On imagine Charles II disant, à l’écoute de ces Fantazias & In Nomines de Henry Purcell (1680) qu’il ne supportait guère « la musique dans laquelle on ne peut battre la mesure » et qu’il aurait préféré écouter les mouvements de danse joués par ses Vingt-quatre Violons.  Purcell, de son côté, ne se prive pas d’avertir son royal mécène dans une de ses dédicaces : « il est temps désormais qu’ils [les Anglais] se détournent de la légèreté et de la superficialité de nos voisins [les Français] ». Contrairement à ses prédécesseurs anglais comme Byrd qui emploie la fausse-relation mi contre fa dans un équilibre parfait, Purcell utilise volontairement ce dispositif pour exprimer un univers déchiré et torturé. On pourrait très bien parler ici de maniérisme et de décadence, mais avant tout, c’est le génie de Purcell, son expressivité hors du commun au sein d’une écriture contrapuntique, qui nous emporte.  Les utilisations techniques du contrepoint tels que le traitement en mouvement contraire et le sujet en augmentation sont abondantes et nous font forcément penser à l’autre pierre angulaire importante dans l’histoire de la musique, l’Art de la Fugue de J.S. Bach. La différence se trouve peut-être dans leur source d’inspiration. Bach, à la fin de sa vie, nous montre avec l’Art de la Fugue sa grande maîtrise spirituelle et son amour éternel envers le Créateur. Purcell, quant à lui, puise son inspiration dans le duende. Laissons l’écrivain Garcia Lorca définir ce démon domestique chers aux Espagnols : « Pour chercher le duende, il n’existe ni carte ni ascèse.

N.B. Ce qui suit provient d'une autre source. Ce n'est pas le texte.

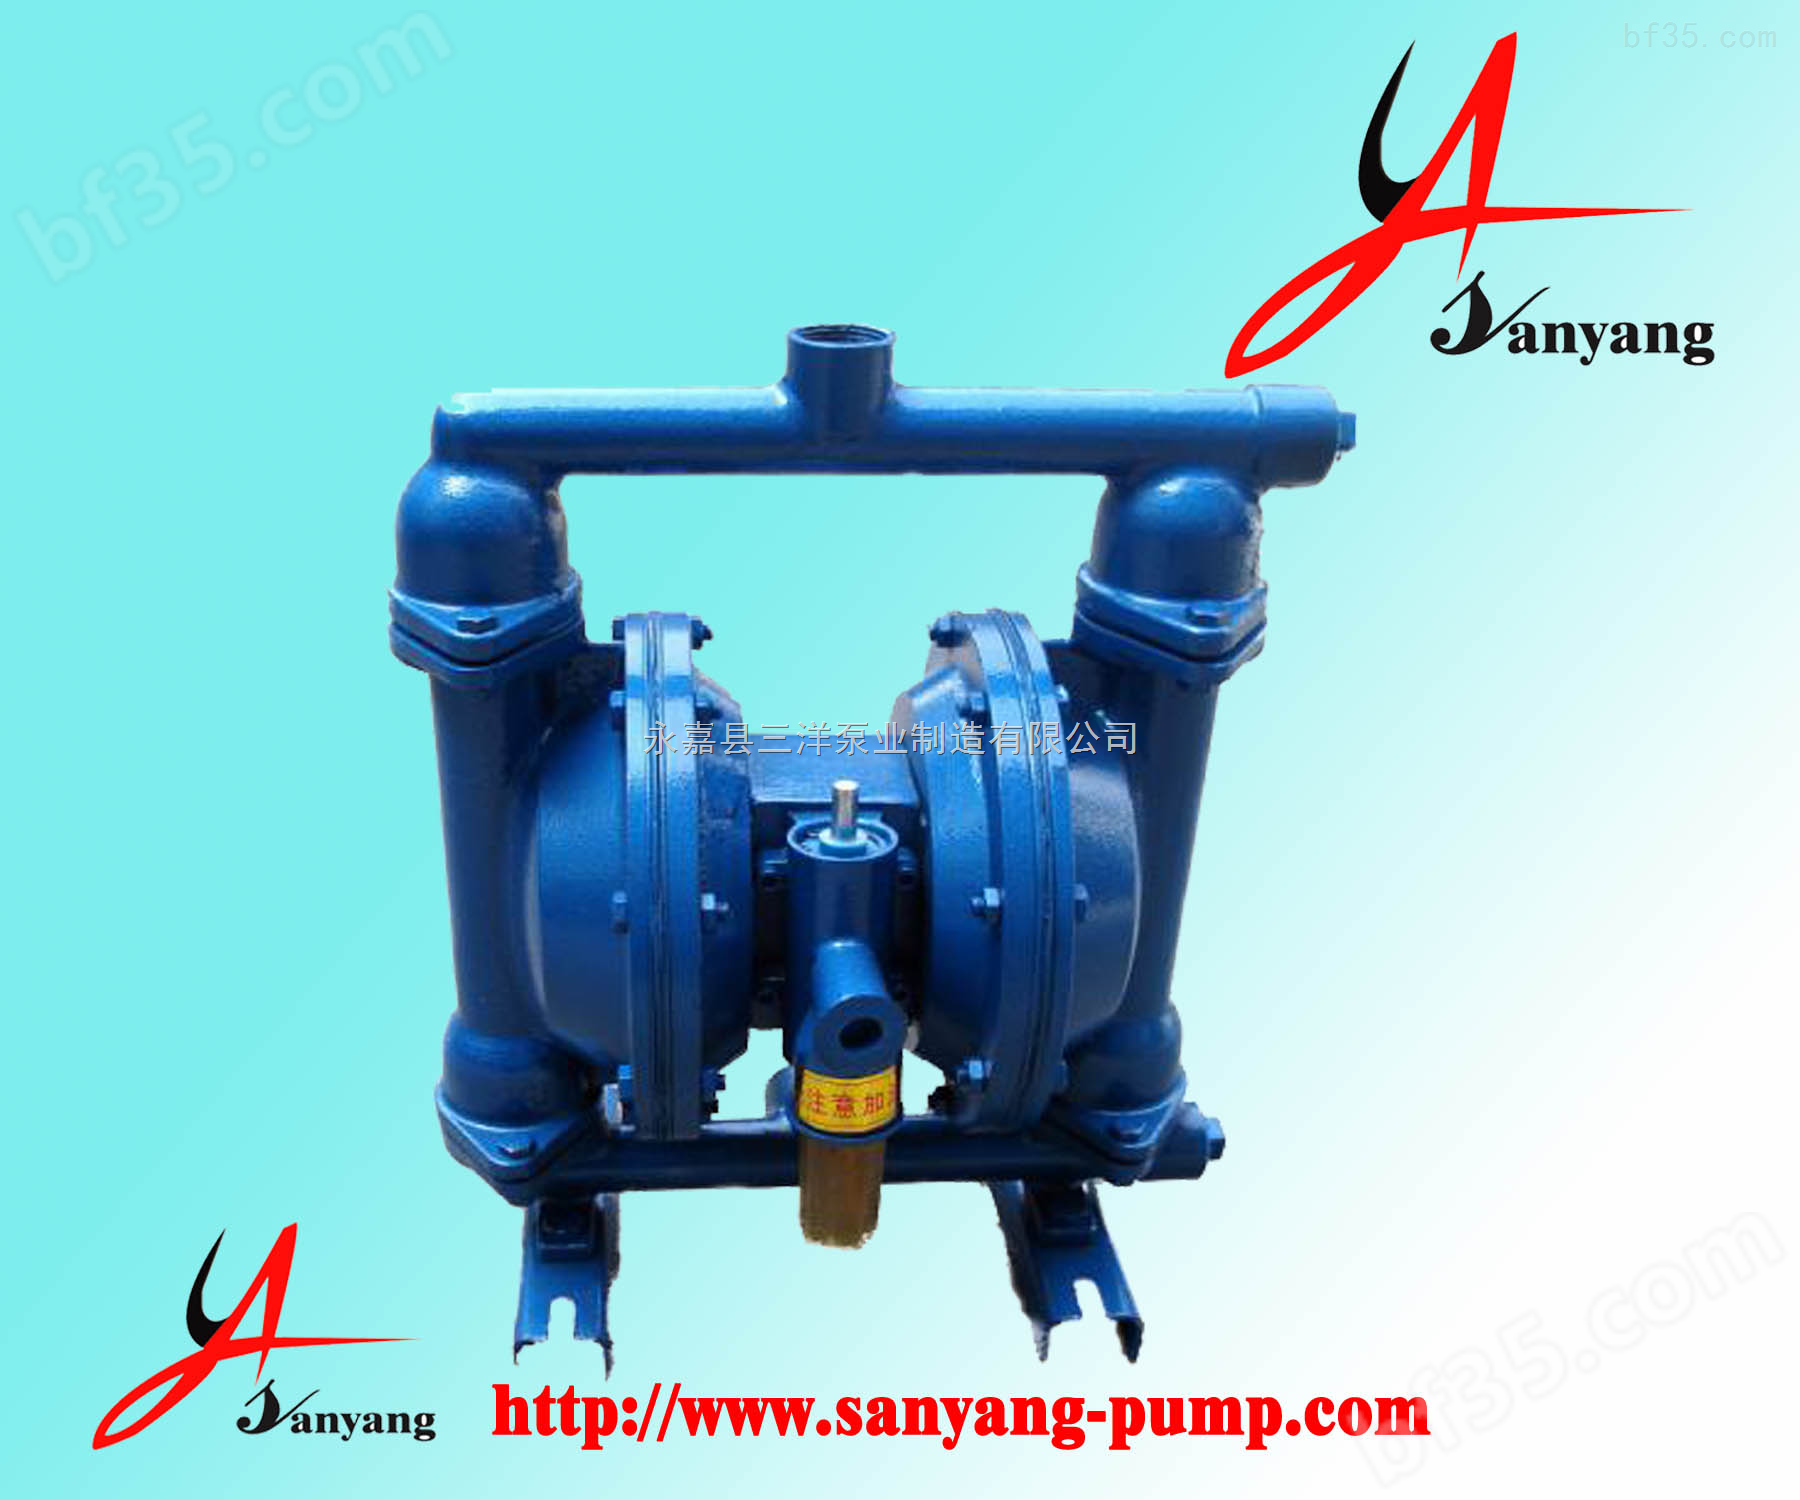 隔膜泵厂家,QBY立式气动隔膜泵,隔膜泵材质,隔膜泵用途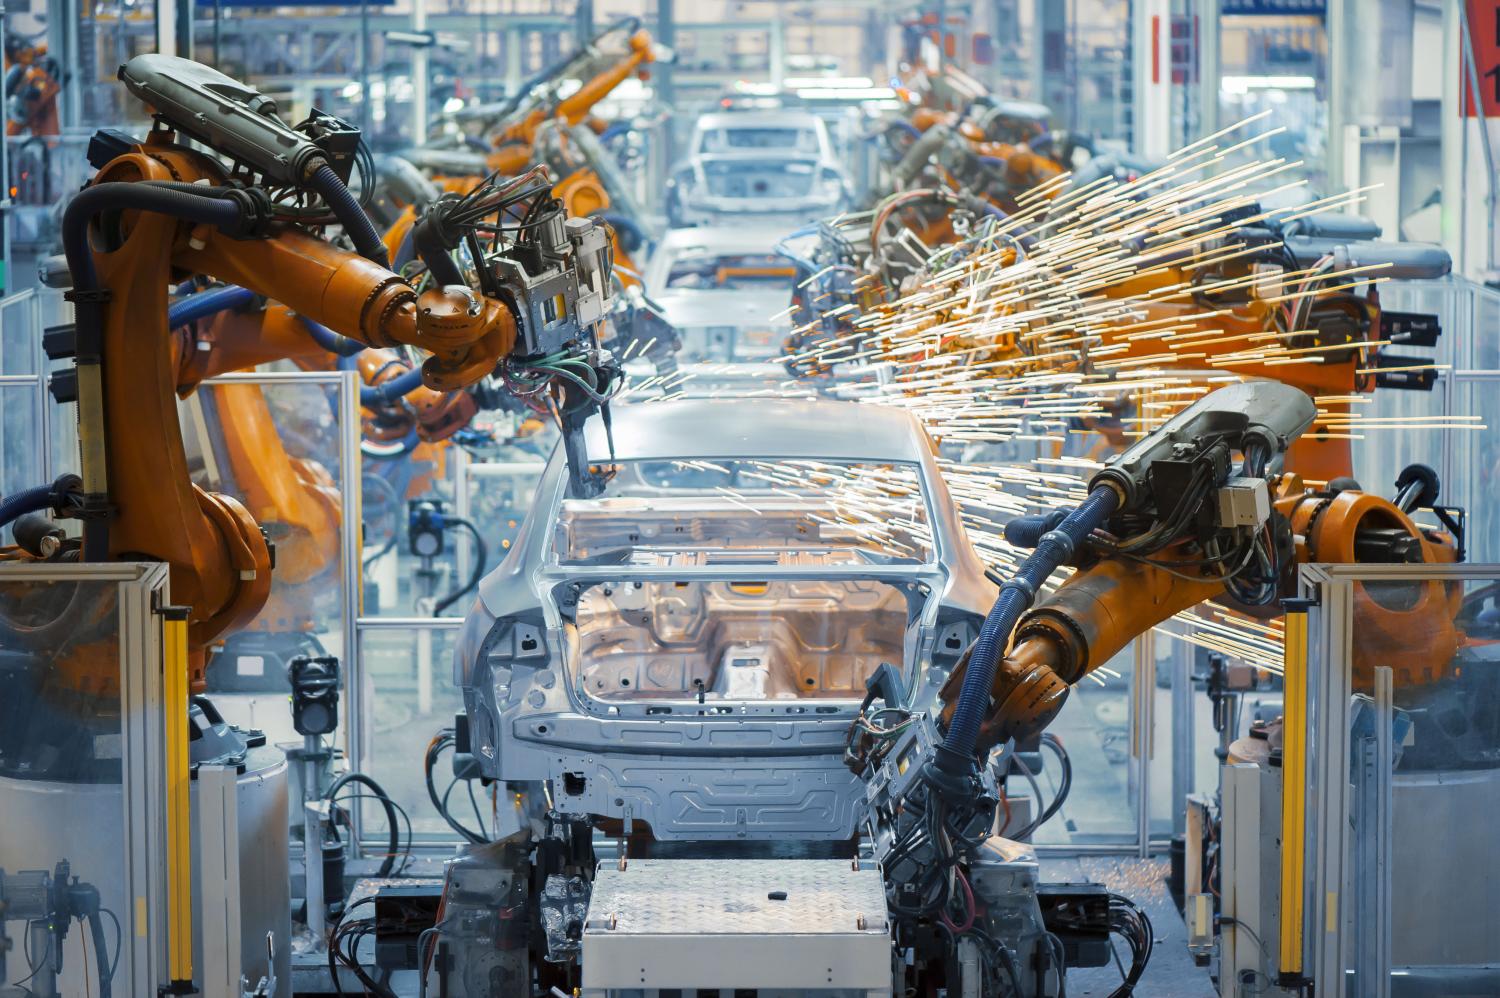 Automobile production using robots

On sait seulement qu’il brûle le sang comme une pommade d’éclat de verre, qu’il épuise, qu’il rejette toute la douce géométrie apprise, qu’il brise les styles, qu’il s’appuie sur la douleur humaine qui n’a pas de consolation ».

PROGRAMME I

Henry Purcell (1659-1695) :   Fantazias (1680)

Fantazia I

Fantazia II

Fantazia III

Fantazia IV, June ye 10.1680

Fantazia V, June ye 11.1680

Fantazia VI, June ye 14.1680

Fantazia VII, June ye 19.1680

Fantazia VIII, June ye 22.1680

Fantazia IX, June ye 23.1680

Fantazia X, June ye 30.1680

Fantazia XI, August ye 18.1680

Fantazia XII, August ye 31.1680

PROGRAMME II

Henry Purcell (1659-1695): 4 Fantaisies pour quatre violes (1680)

Fantazia V, June ye 11.1680
Fantazia VI, June ye 14.1680
Fantazia XII, August ye 31.1680
Fantazia XI, August ye 18.1680

Caroline Marçot (1974- ) : Tratti-ritratto (Caro m’è ‘l sonno) pour
trois violes (2014)

Caro m’è ‘l sonno
E piu l’esser di Sasso
Mentre che ‘l danno e la vergogna dura
Non veder, non sentir, m’è gran ventura
Pero non mi destar, deh, parla basso

Henry Purcell (1659-1695): 5 Fantaisies pour quatre violes (1680)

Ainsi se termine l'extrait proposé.